What I have done so far: I edited my shared file to only contain the OTUs of interest and adjusted the numOTUs column to 244. I then ran the following command for each soil type which have 12 replicates each, for example:

_cooccurrence(shared=NetworkOTUsShared.txt, metric=cscore, matrixmodel=sim9, label=0.03, groups=1B1-1B2-1B3-1B4-2B1-2B2-2B4-2B5-3B1-3B2-3B3-3B4)

0.03
Initial c score: 0.478732
average metric score: 0.480671
zscore: -0.535602
standard deviation: 0.00362088
non-parametric p-value: 0.67

Output File Names:
NetworkOTUsShared.cooccurence.summary_

I chose sim9 as other papers conducting similar pipelines used fixed rows and columns and that seems to suit my data which I don’t think is a degenerate matrix.

Questions:

  • For all 4 soil types, the cscores were around 0.4. This seems a lot lower than other reported cscores (3 - 185). Do I have a very low number of checkerboards in my data sets?

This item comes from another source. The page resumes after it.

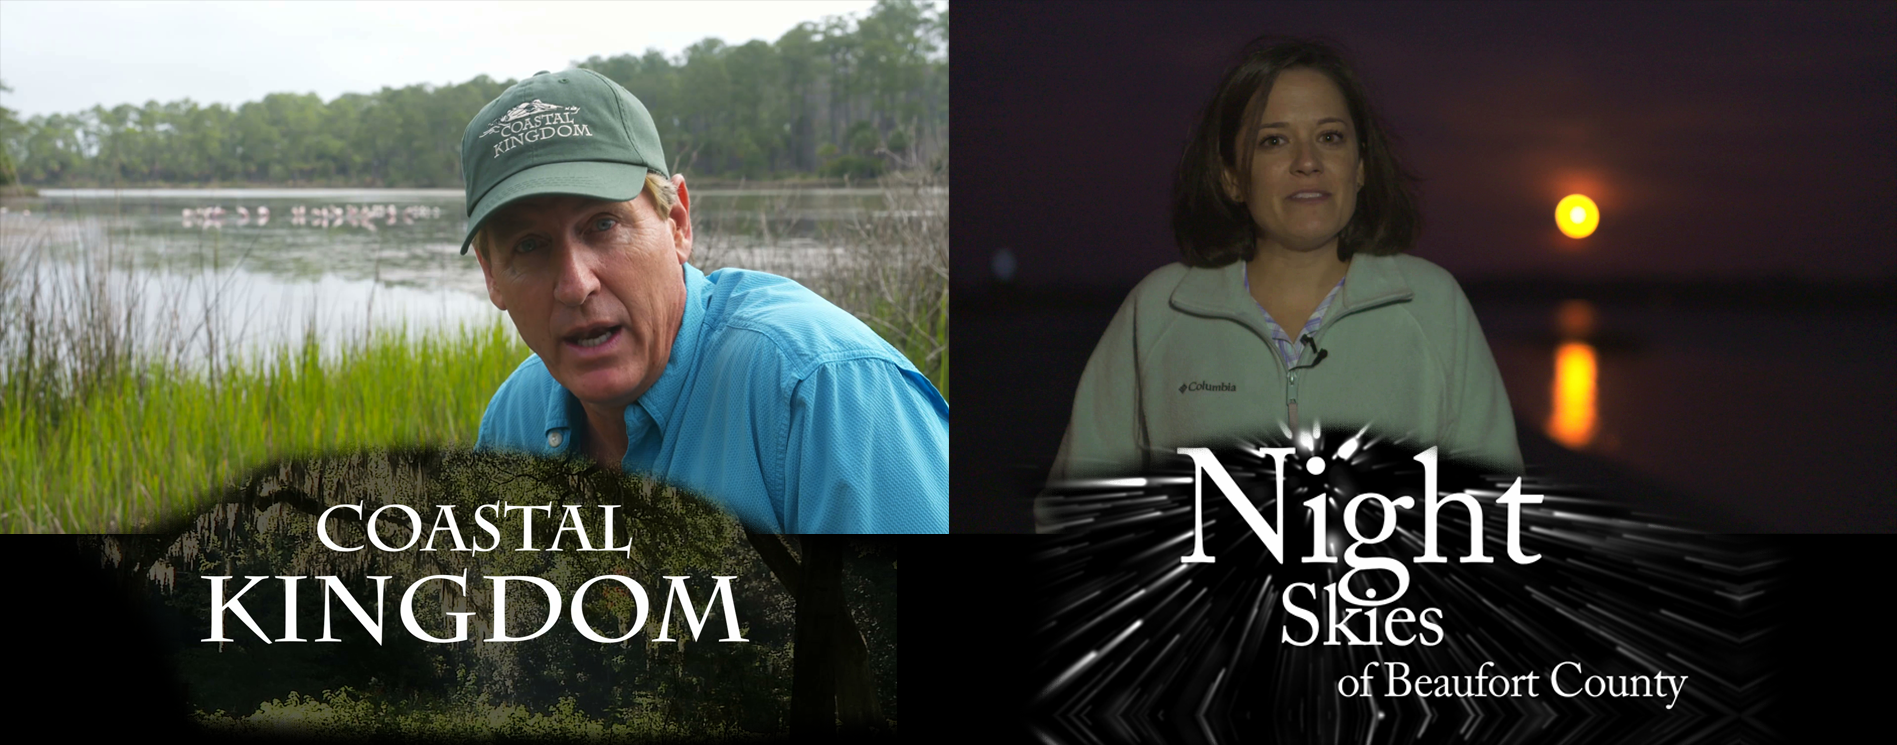 The County Channel’s EMMY-Award Winning  Series’ Night Skies and Coastal Kingdom Nominated Again This Year

  • I also want to check that p>0.05 means my networks are likely to be random associations? When I run the same command but use the original share file containing all OTUs, all my soil types return pvalues of 0, therefore meaning they are all non-random? I’m having difficulty explaining why for a soil type, all OTUs exhibit a non-random pattern but that the most abundant and significant ones that made the cut for the networks do appear to be random.

-Lastly, some pvalues are returned as 0, does this mean <0.001?

I also want to say thank you so much for everything that Mothur has provided over the years. This is my first time asking for help but about my millionth of reading, using and learning from your website and program.

Hi again,

I see quite a few people have viewed my post above, maybe in search of similar answers, so I’ll update with what I ended up doing. I used the EcoSimR package within R as per this website: ftp://cran.r-project.org/pub/R/web/packages/EcoSimR/vignettes/CoOccurrenceVignette.html
This uses presence/absence so I edited my shared file to be 1s and 0s so that it looked like below and saved as a comma separated values (csv) file (Species=OTUs, Samples=A-E):

Species A B C D E
Otu000001 1 1 0 1 1
Otu000002 1 1 1 1 1
Otu000003 1 1 1 1 1
Otu000004 0 1 0 1 1


I'm really not a statistician and not really a bioinformatician but I found this easy enough to do and being able to visualise the results gave me confidence that I was interpreting them correctly. The results were quite different from what I got from mothur but did seem to make more sense for my data. I must say though that I am very thankful for mothur, as I would probably still be trying to unpack my fastq files if it wasn't for this community.